* **Recorded information**
*** Begin section ***

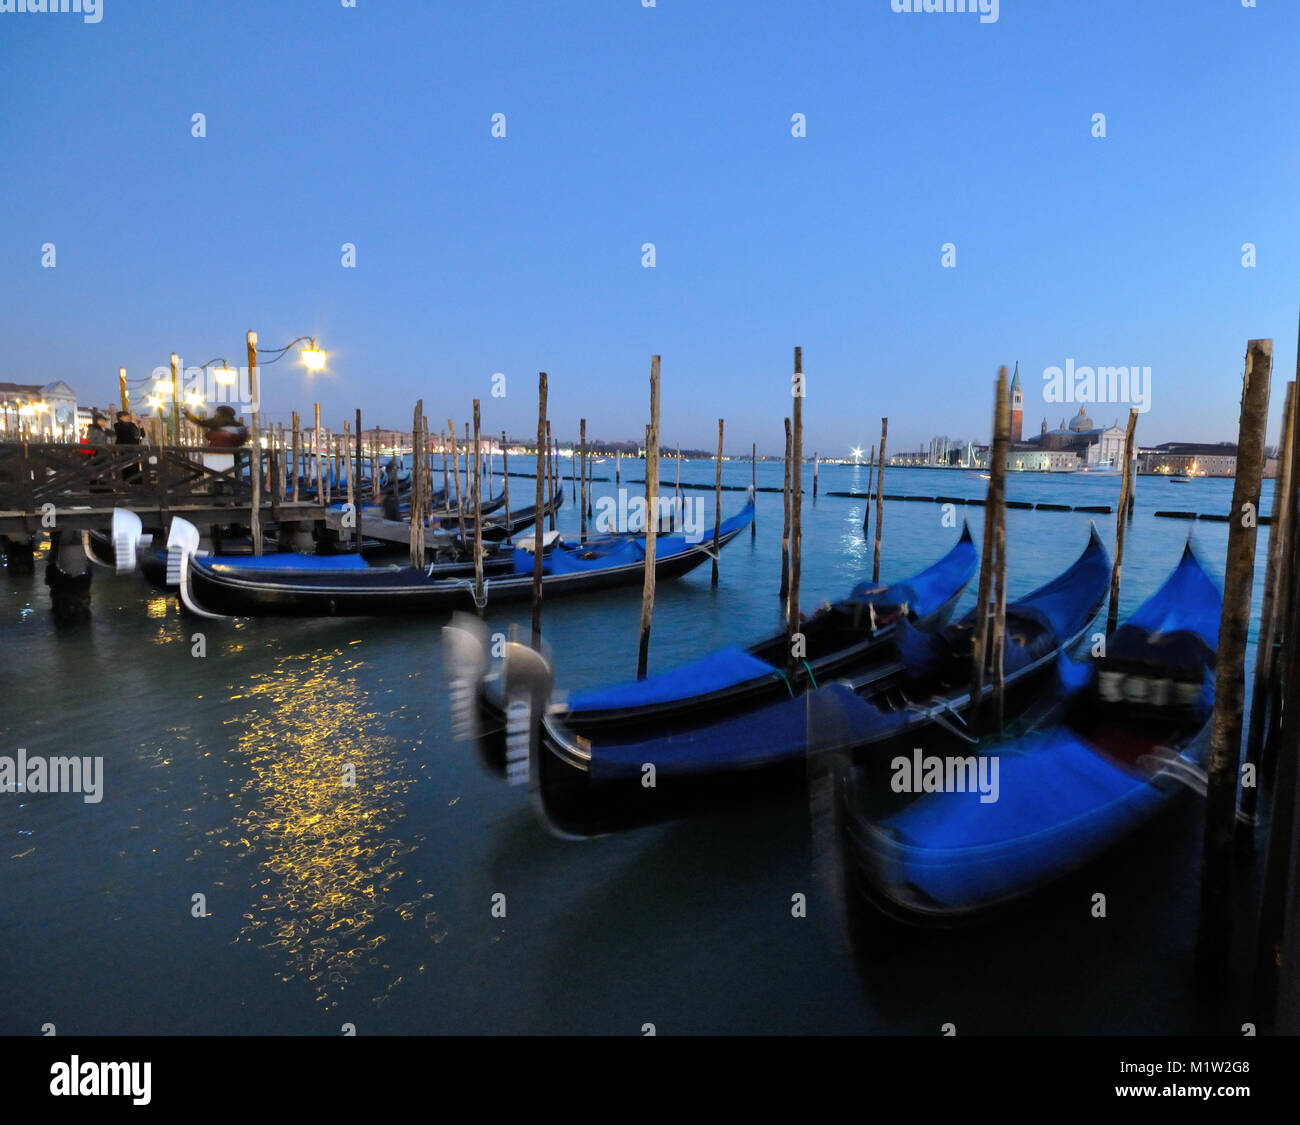 Gondolas in the Bacino di San Marco, Venice, Italy - Stock Image
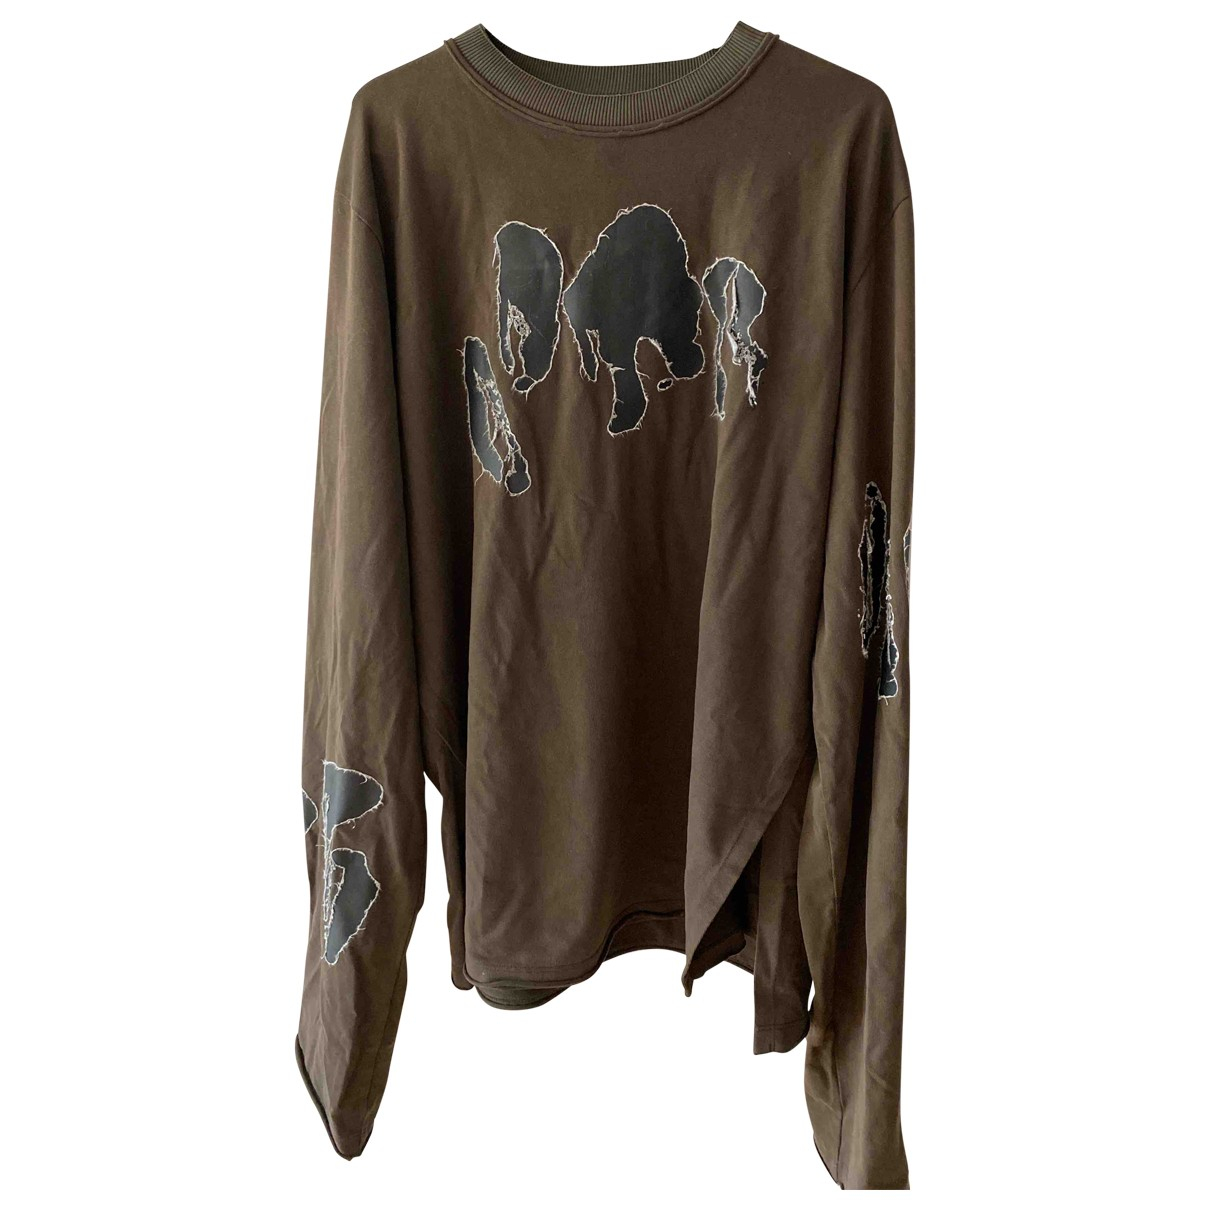 Damir Doma \N Khaki Cotton Knitwear & Sweatshirts for Men M International
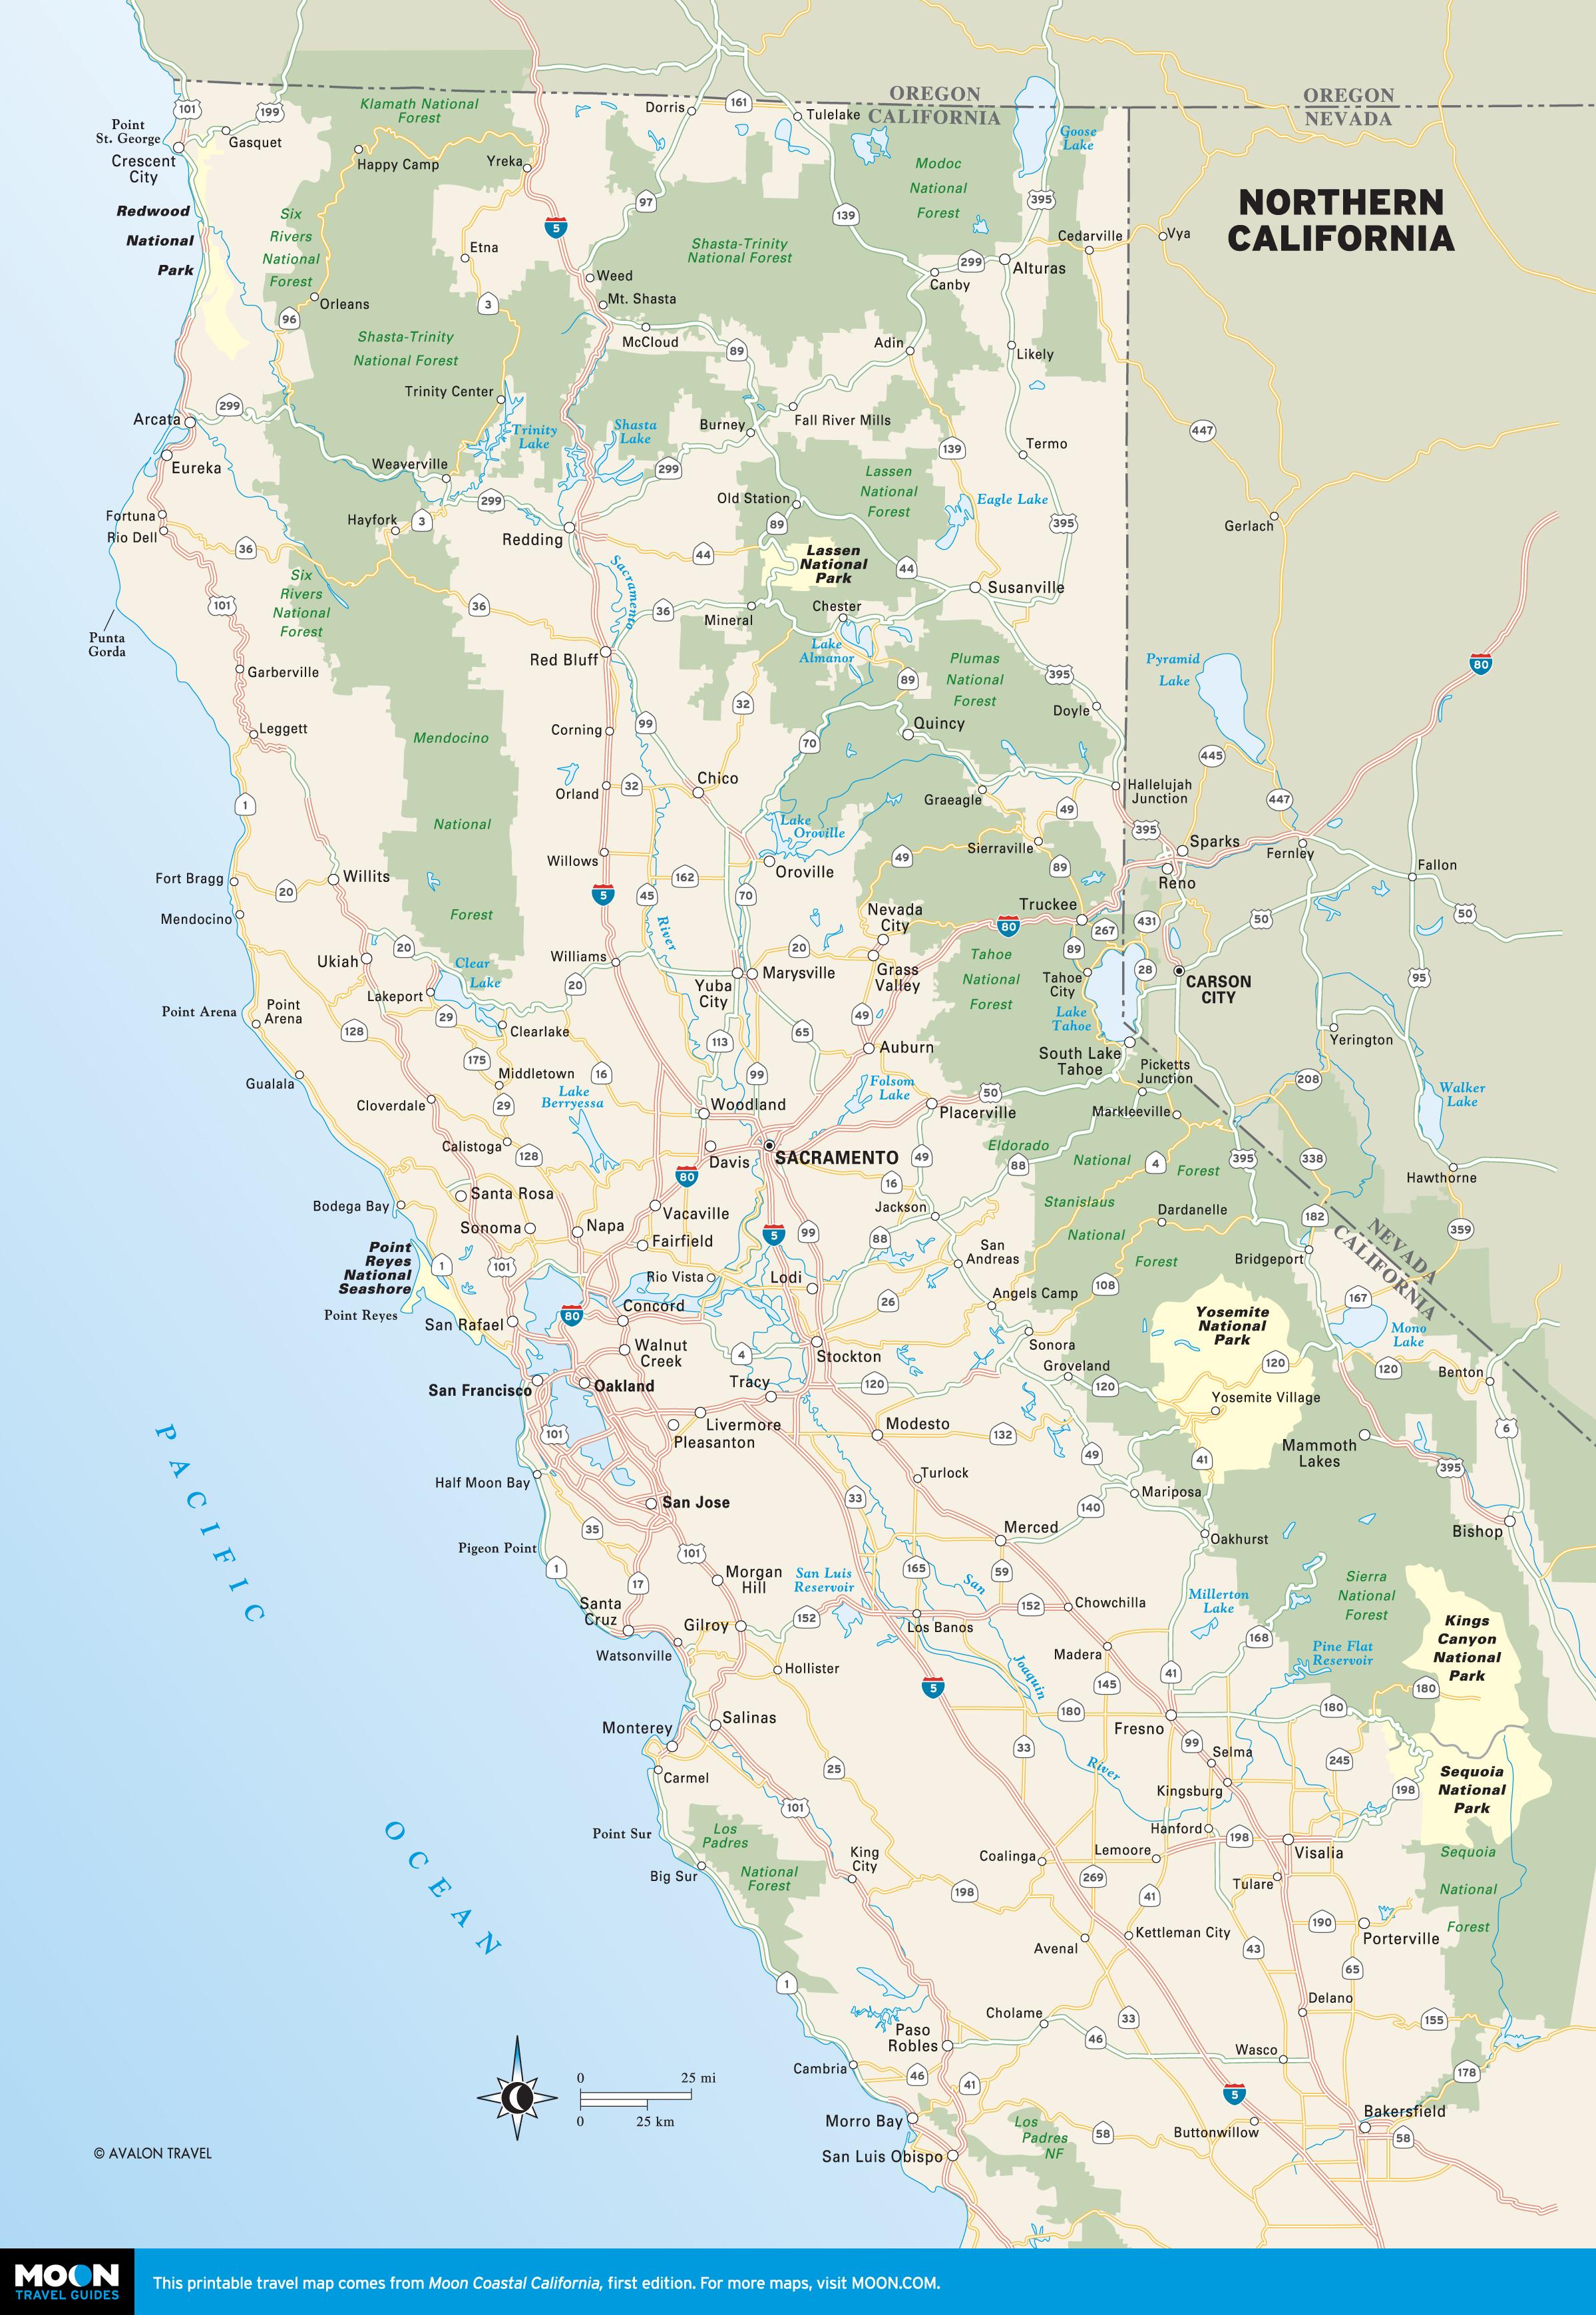 Printable Travel Maps Of California Moon Guides At Map Coast - Touran - Printable Road Trip Maps

*** End section ***

* **Work request**
Repeat the listing word for word, but without its pictures.

* **Answer box**
 Gondolas in the Bacino di San Marco, Venice, Italy - Stock Image
 Damir Doma \N Khaki Cotton Knitwear & Sweatshirts for Men M International
 Printable Travel Maps Of California Moon Guides At Map Coast - Touran - Printable Road Trip Maps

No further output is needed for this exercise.